Repository vs DAO

published on 01 November 2012 in Best practices

You're right, it's confusing! You have the repository which abstracts the persistence access details and you have the Data Access Object (DAO) which used to .. abstract persistence access details. So, is there a difference between those two, are they the same thing with different name?

Well, once again the devil is in the details. In many apps, especially data-centric, DAO and a repository are interchangeable as they do the same job. But the difference starts to show up when you have more complex apps with complex business behavior. While the Repository and DAO will strict abstract the data access they have different intentions in mind.
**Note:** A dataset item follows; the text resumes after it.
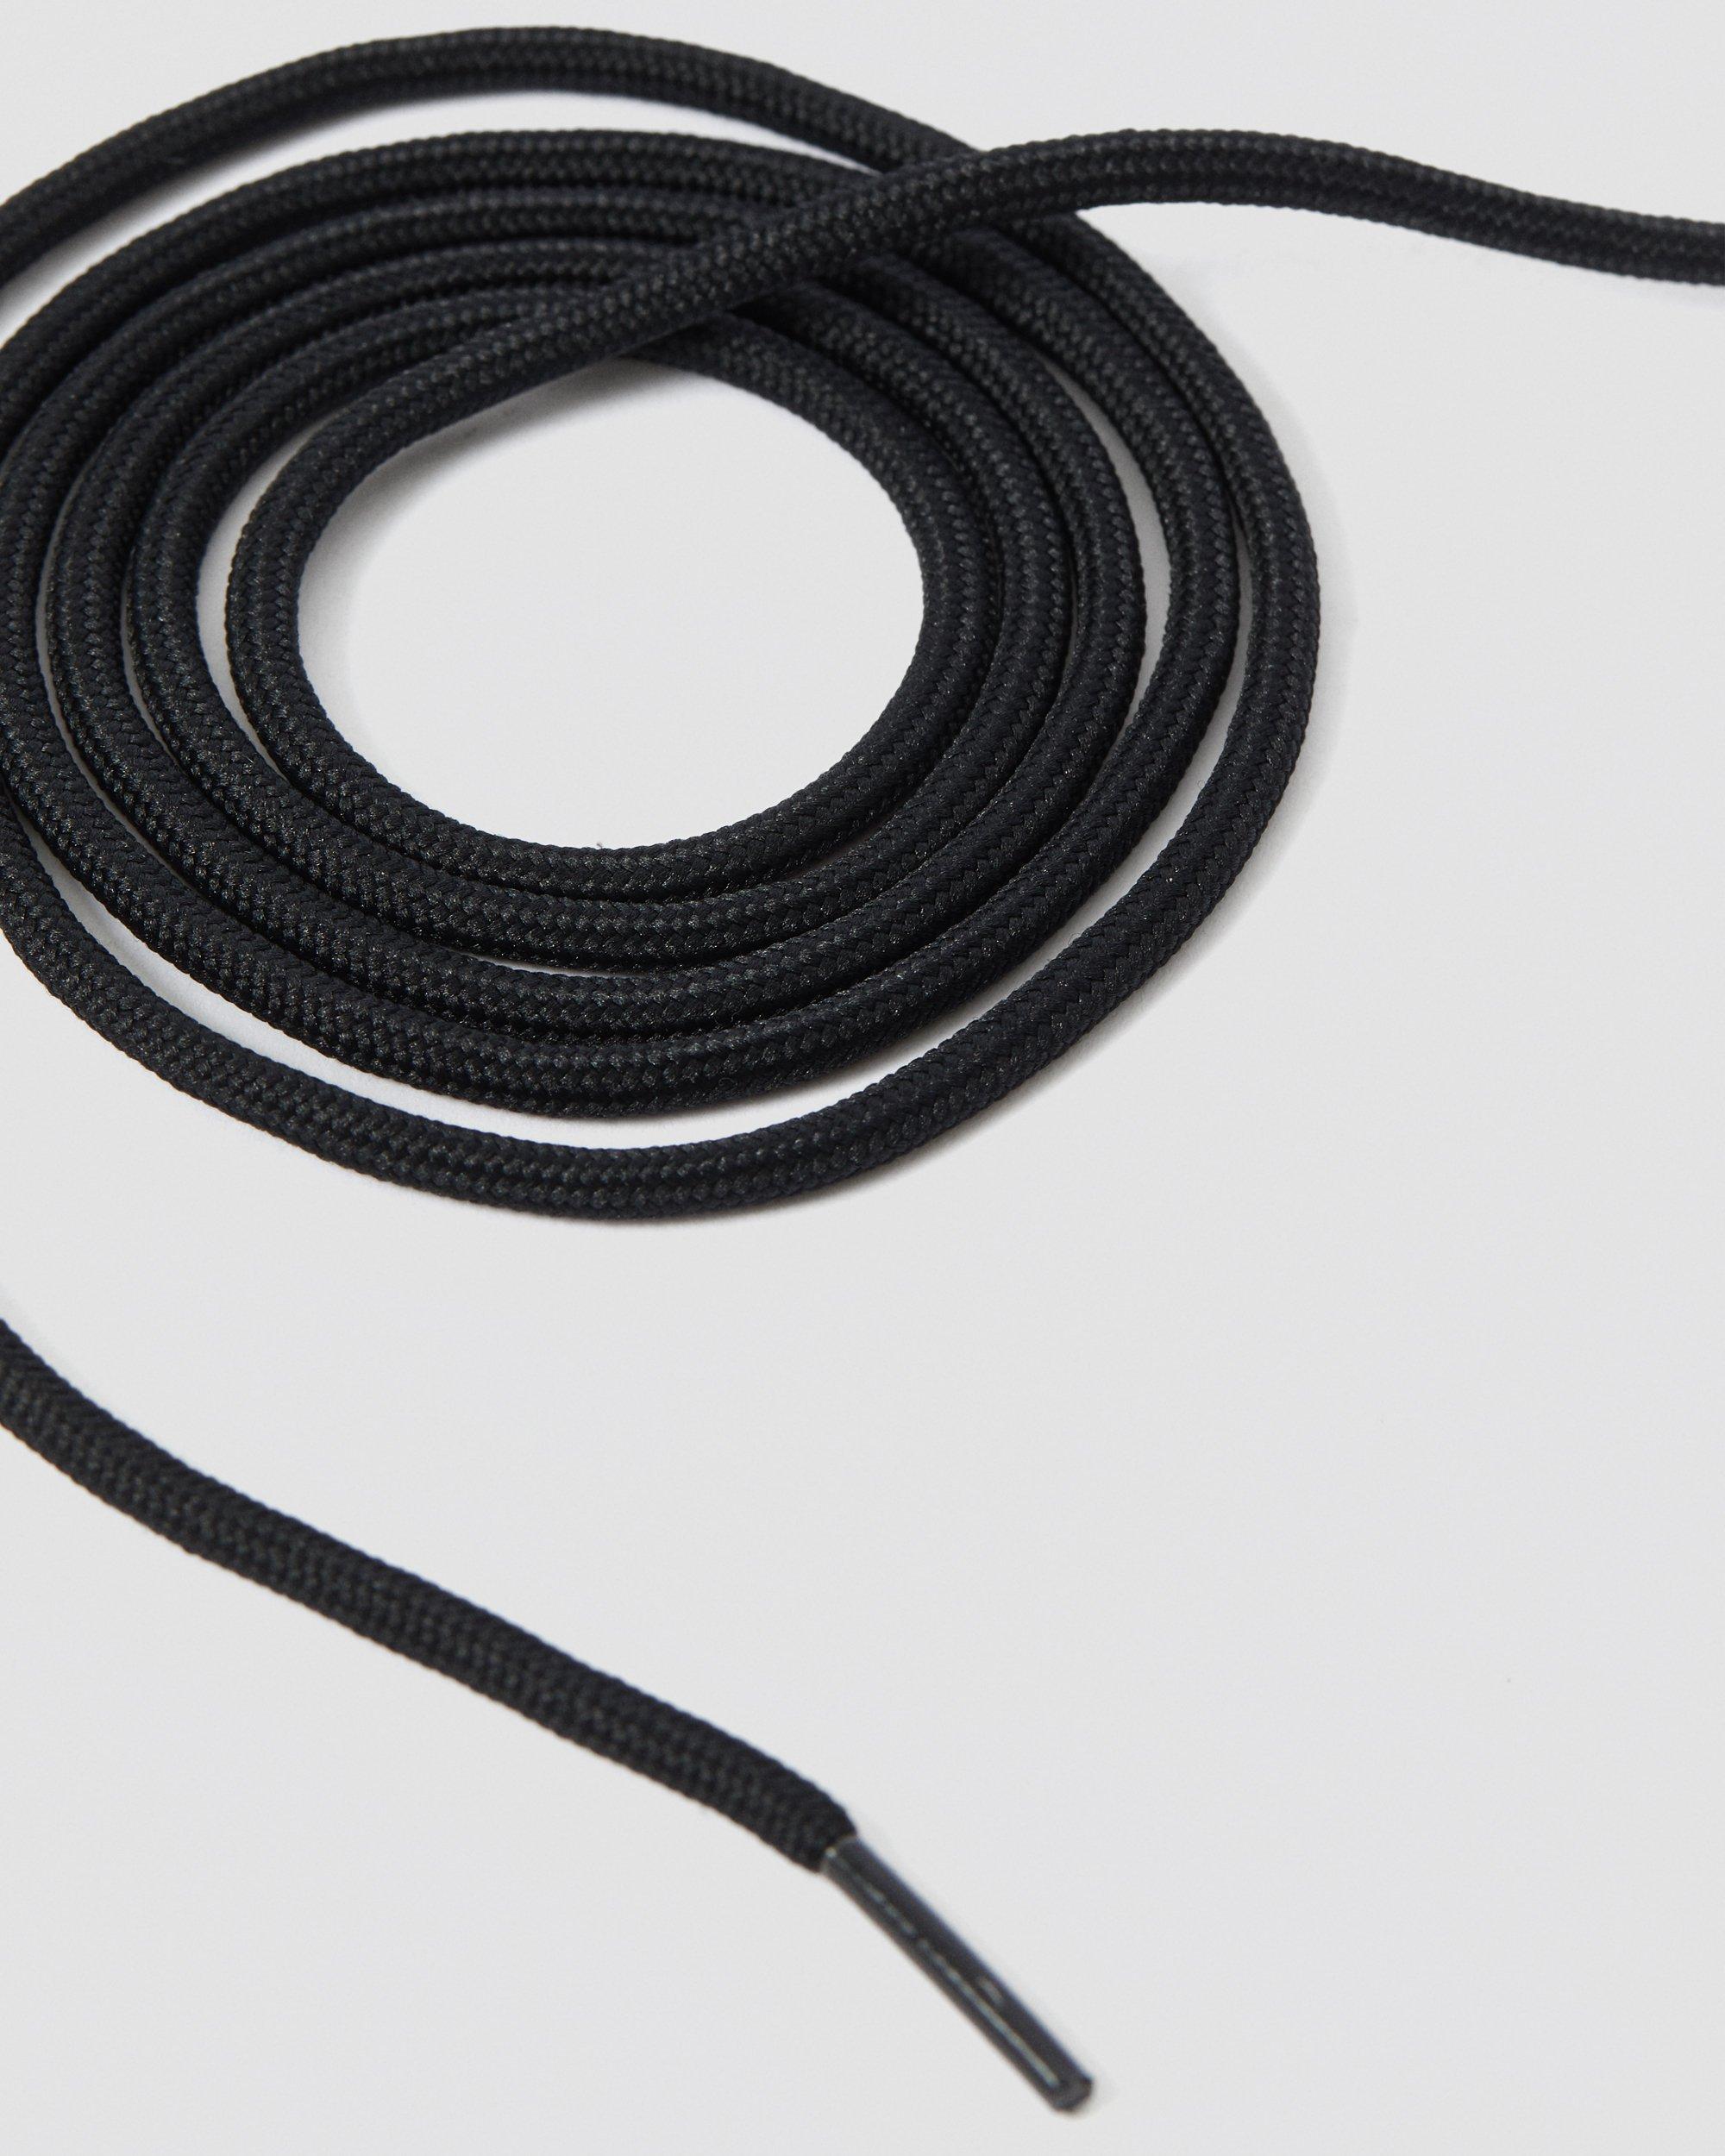 55 Inch Round Shoe Laces (8-10 Eye) in Black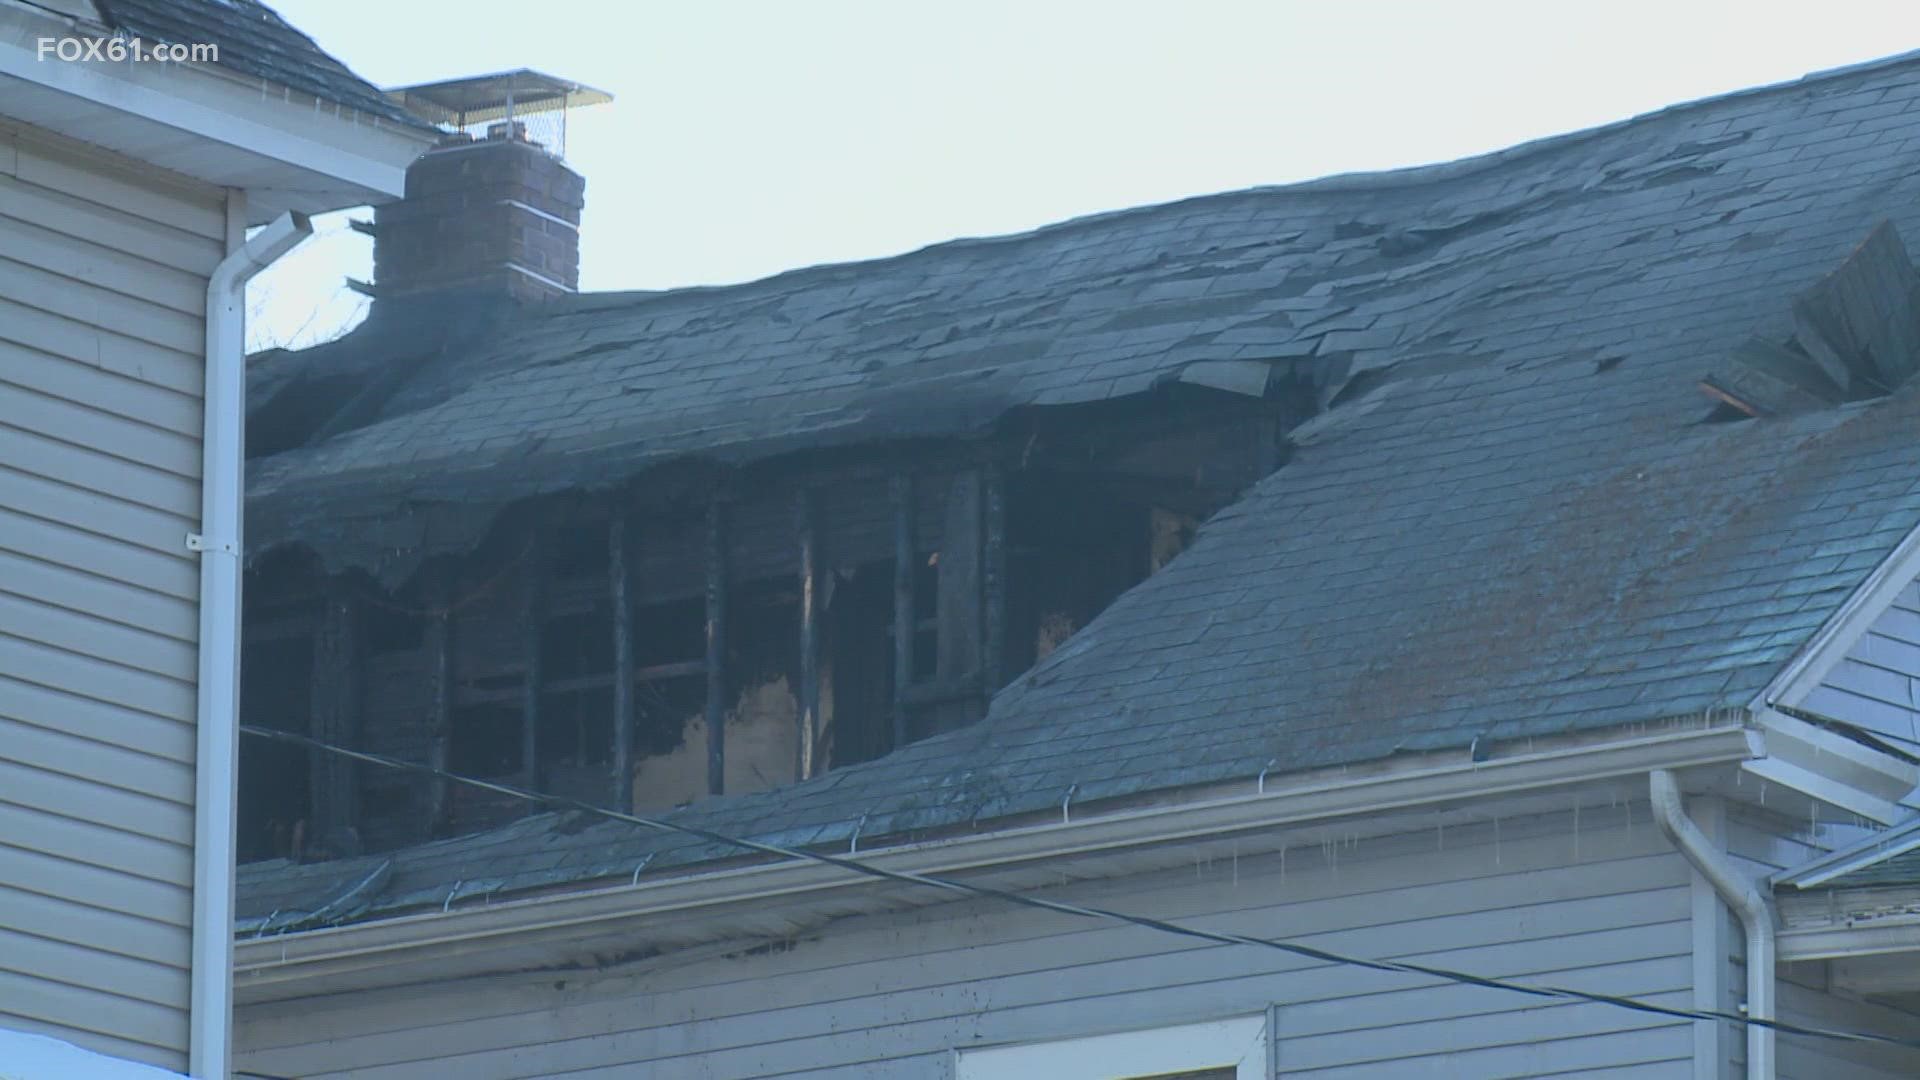 Firefighters believe the fire started on the first floor and worked its way up.

A DAO is much closer to the underlying storage , it's really data centric. That's why in many cases you'll have DAOs matching db tables or views 1 on 1. A DAO allows for a simpler way to get data from a storage, hiding the ugly queries. But the important part is that they return data as in object state.

A repository sits at a higher level. It deals with data too and hides queries and all that but, a repository deals with** business/domain objects**. That's the difference. A repository will use a DAO to get the data from the storage and uses that data to restore a business object. Or it will take a business object and extract the data that will be persisted. If you have an anemic domain, the repository will be just a DAO. Also when dealing with querying stuff, most of the time a specialized query repository is just a DAO sending DTOs to a higher layer.

Recently, someone told me that my repository approach is just a badly named DAO and it doesn't match Martin Fowler's definition of the Repo. Well, besides what I've said above, there is something else when dealing with the repository pattern. I tend to apply a pattern according to its spirit and intention, not as a dogma.

We have the definition: "Mediates between the domain and data mapping layers using a collection-like interface for accessing domain objects. A system with a complex domain model often benefits from a layer [...] that isolates domain objects from details of the database access code".

So the intention of the repository is to isolate the domain objects from the database access concerns. This is the important part. The fact that the repository is using a collection-like interface, doesn't mean you MUST treat it as a collection and you MUST have ONLY Add/Remove/Get/Find functionality. Really, it's not a dogma and you don't have to apply it by the letter.

Let's think a bit. The pattern is used to acheive separation of concerns and to simplify things. If you force yourself to use a collection and a criteria and some unit of work (things that made ORMs very popular) in probably 99% of cases you just complicate things. And it's quite ironic that people are using ORMs or some other Unit of Work approach to apply the repository pattern forcing their domain objects to include data access related stuff (like making properties virtual for NHibernate or needing to provide a parameterless constructor etc). What's the point in using the repository pattern if you couple your domain objects to data access details?

Back to Repository and DAO, in conclusion, they have similar intentions only that the Repository is a higher level concept dealing directly with business/domain objects, while DAO is more lower level, closer to the database/storage dealing only with data. A (micro)ORM is a DAO that is used by a Repository. For data-centric apps, a repository and DAO are interchangeable because the 'business' objects are simple data.